Original topic: TiCDC同步TiDB数据到下游MySQL很慢,而且下游MySQL实例会增加很多的binlog日志

| username: Johnpan

TiDB version 5.4.0, TiCDC version 5.4.0
Currently, when using TiCDC tasks to synchronize TiDB data to downstream MySQL instances, there is a significant delay. The incremental data is only 1G per day, but the task is already delayed by 11 hours. Why is this happening? How can it be optimized?
Additionally, the speed at which binlogs are generated by the downstream MySQL instance is very fast, basically 1G of logs per minute. Is there any optimization for this?

【TiDB Usage Environment】Production\Testing Environment\POC
【TiDB Version】
【Encountered Issues】
【Reproduction Path】What operations were performed that led to the issue
【Issue Phenomenon and Impact】
【Attachments】

  • Relevant logs, configuration files, Grafana monitoring (https://metricstool.pingcap.com/)
  • TiUP Cluster Display information
  • TiUP Cluster Edit config information
  • TiDB-Overview monitoring
  • Corresponding module Grafana monitoring (if any, such as BR, TiDB-binlog, TiCDC, etc.)
  • Corresponding module logs (including logs from 1 hour before and after the issue)

If the question is related to performance optimization or troubleshooting, please download the script and run it. Please select all and copy-paste the terminal output results for upload.

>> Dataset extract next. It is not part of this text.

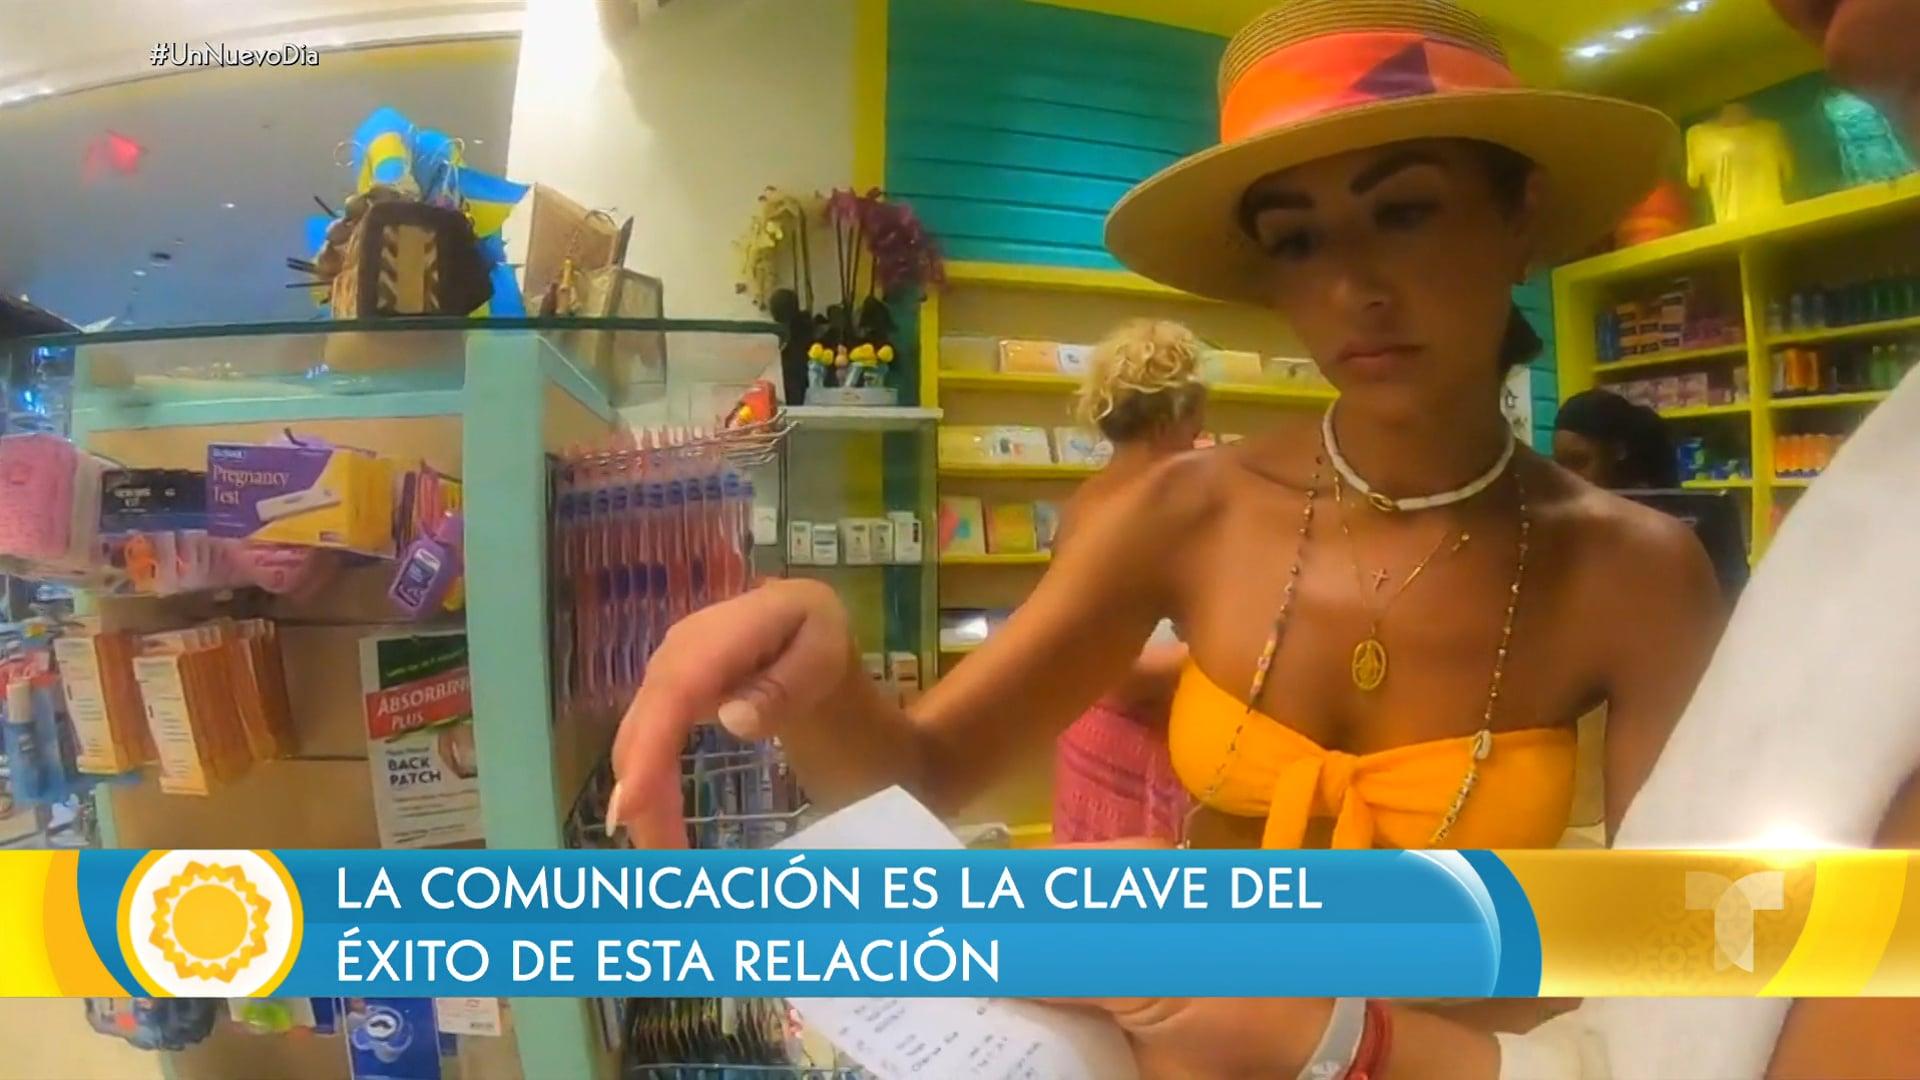 Jorge Bernal & Karla Birbragher - Spanish TV most loved couple
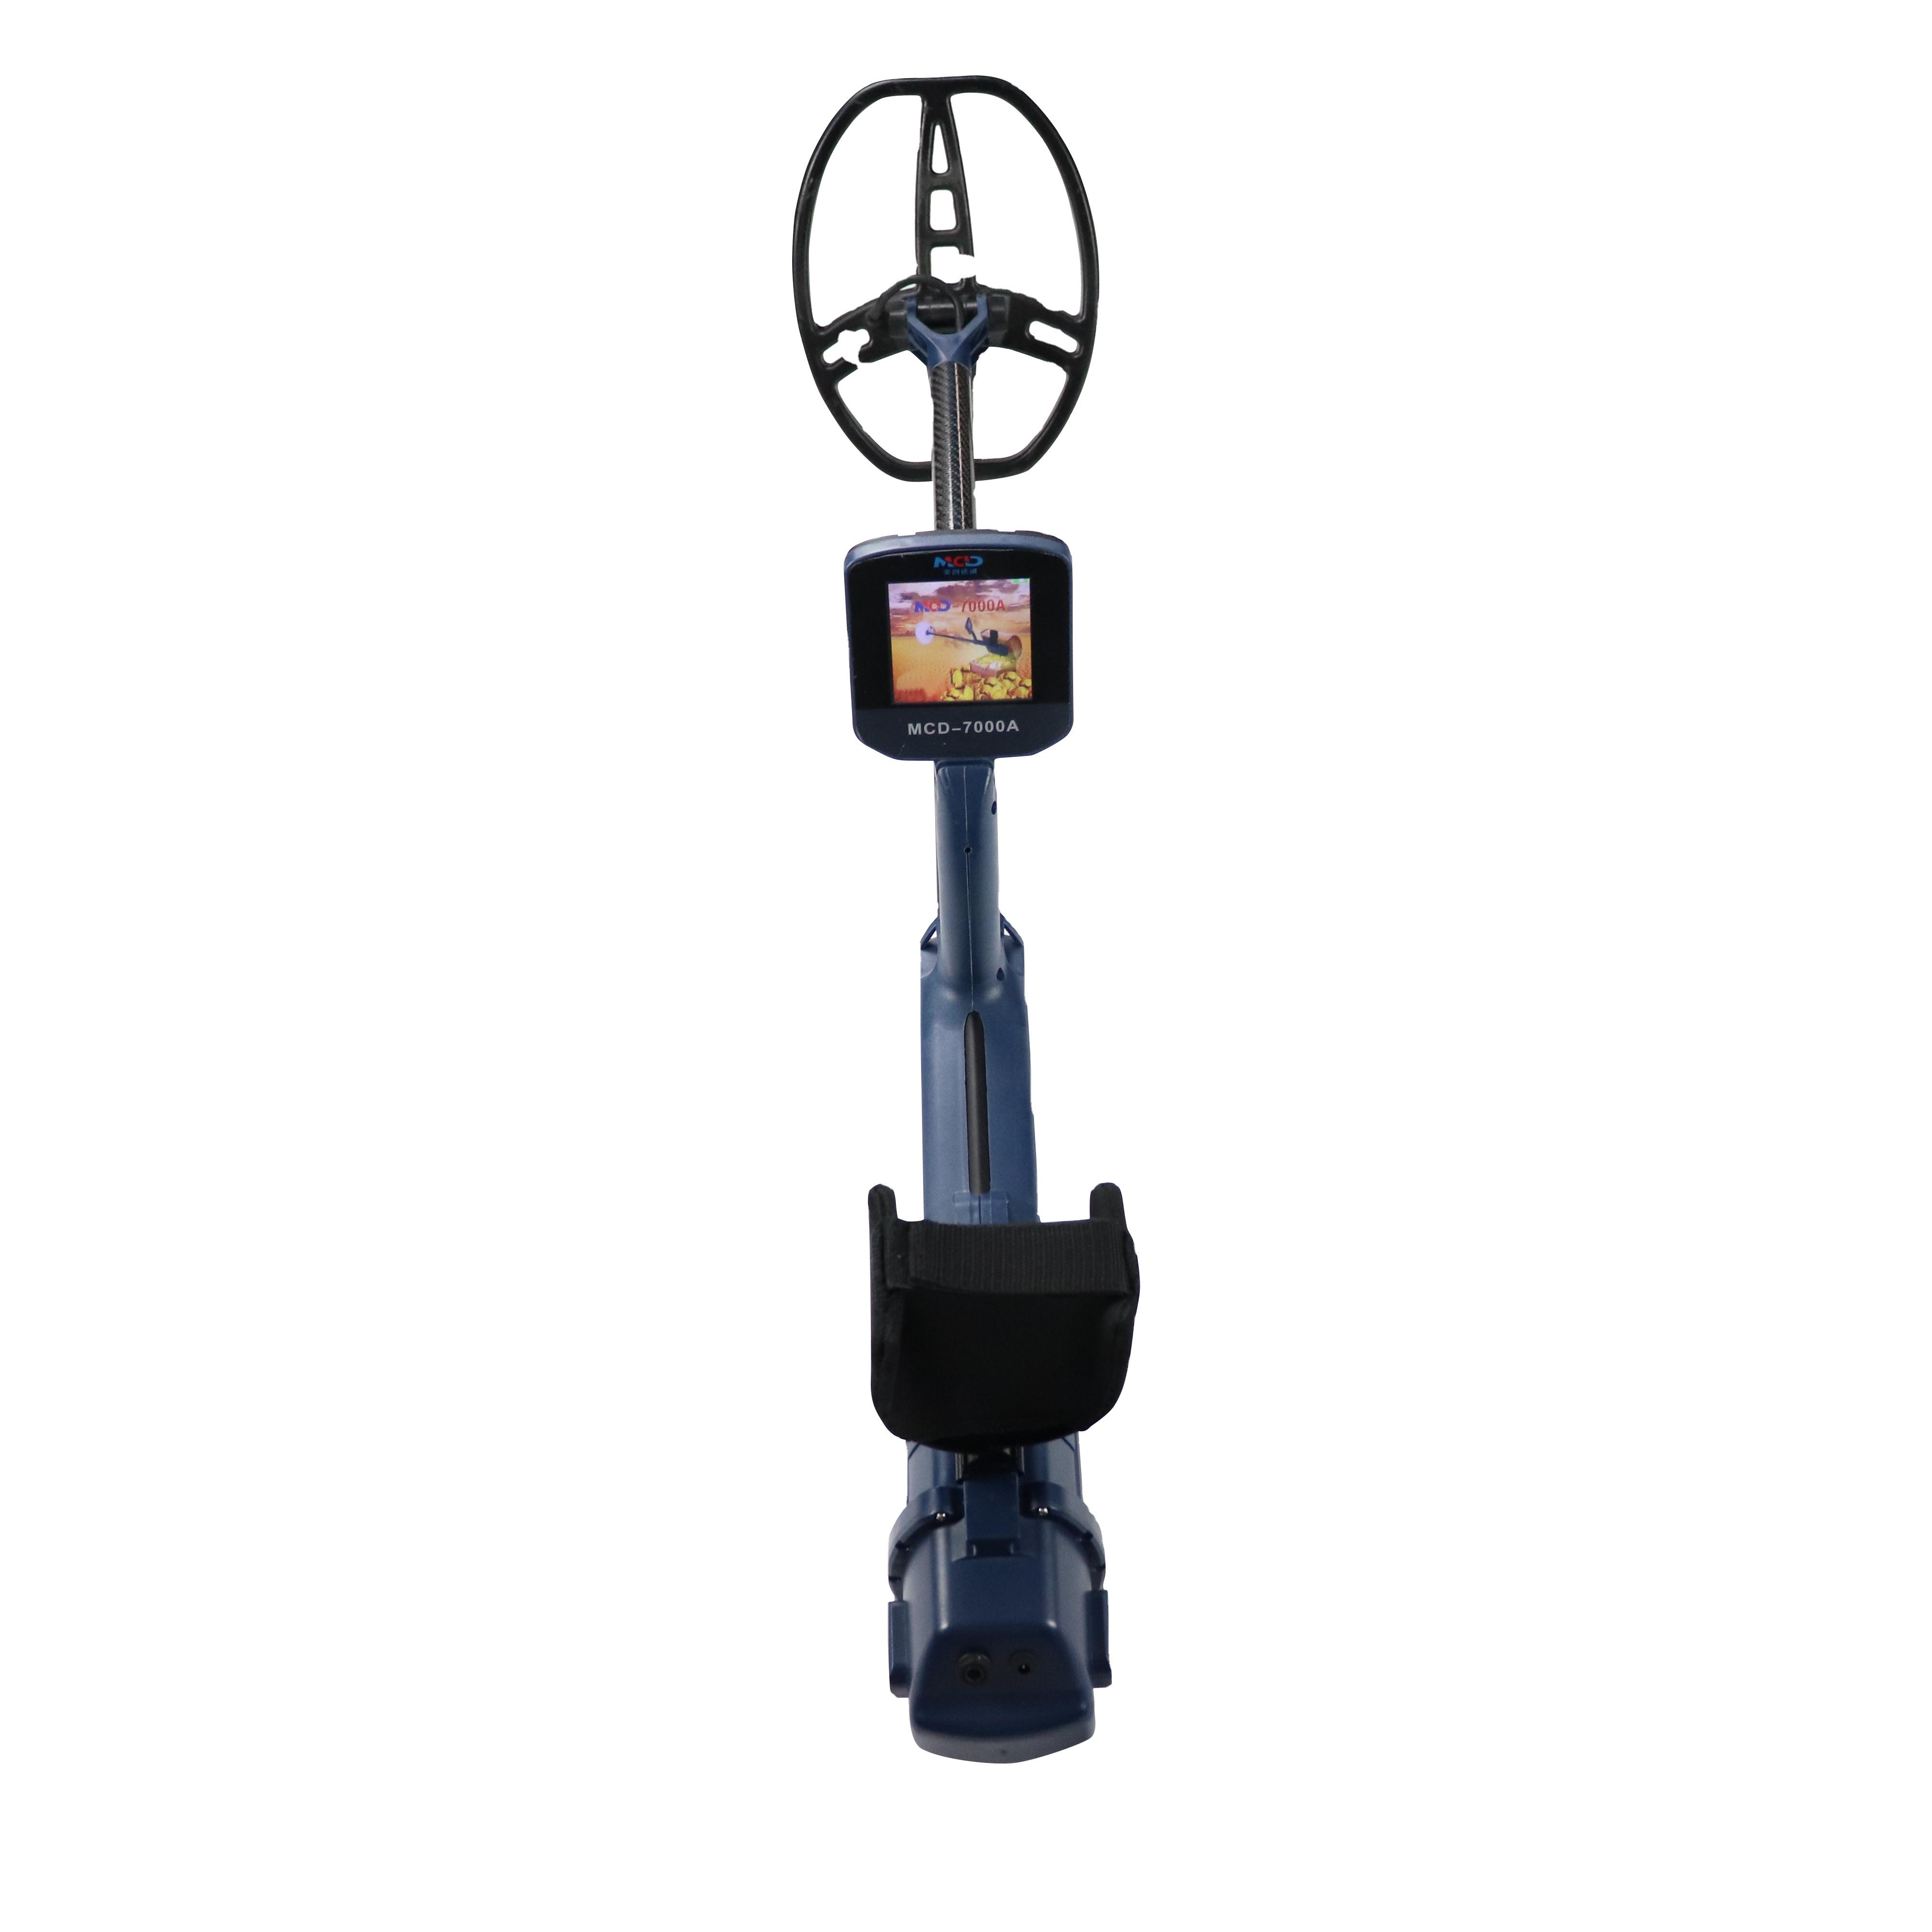 Touch screen high sensitivity under ground metal detector MCD-7000A

| username: Meditator | Original post link

  1. Are the sinks for these tasks all the same MySQL instance, or are they different?
  2. Does the downstream MySQL for the task “ailearn-tidb-to-mysql” generate 1GB of logs per minute? Generating 1GB of logs per minute is already a very large write volume.
  3. Can you send the logs corresponding to the changefeed?
  4. For generating 1GB of binlog logs per minute, can you check the binlog to see what data is being written?
  5. What is the architecture of the downstream MySQL? I suspect it is dual-master, and there is a third-party server_id event in the binlog.
| username: Johnpan | Original post link

  1. The same MySQL instance
  2. The volume is very large, but actually our data is only 1G per day. Why are there so many new logs? Is this related to the GC version of the data? Do all GC versions need to be executed once to generate so many logs?
  3. How to view changefeed logs?
  4. I saw that MySQL’s binlog is all replace into
  5. The downstream MySQL is a single instance specifically used for this task
| username: Meditator | Original post link

  1. The upstream TiDB has a daily data volume of only 1G, but the downstream MySQL binlog can generate 1G of binlog logs per minute. Can you analyze whether these binlog logs meet expectations?
  2. Check the official documentation to see which processor corresponds to the changefeed, and then check the logs of the corresponding capture (cdc-server). Refer here: https://docs.pingcap.com/zh/tidb/stable/manage-ticdc
  3. Theoretically, such a bizarre issue should not occur unless there is a problem with this changefeed. Can you post the configuration of this changefeed for us to take a look?
| username: Johnpan | Original post link

Sorry, some of the synchronization involves full data, so the binlog volume is large.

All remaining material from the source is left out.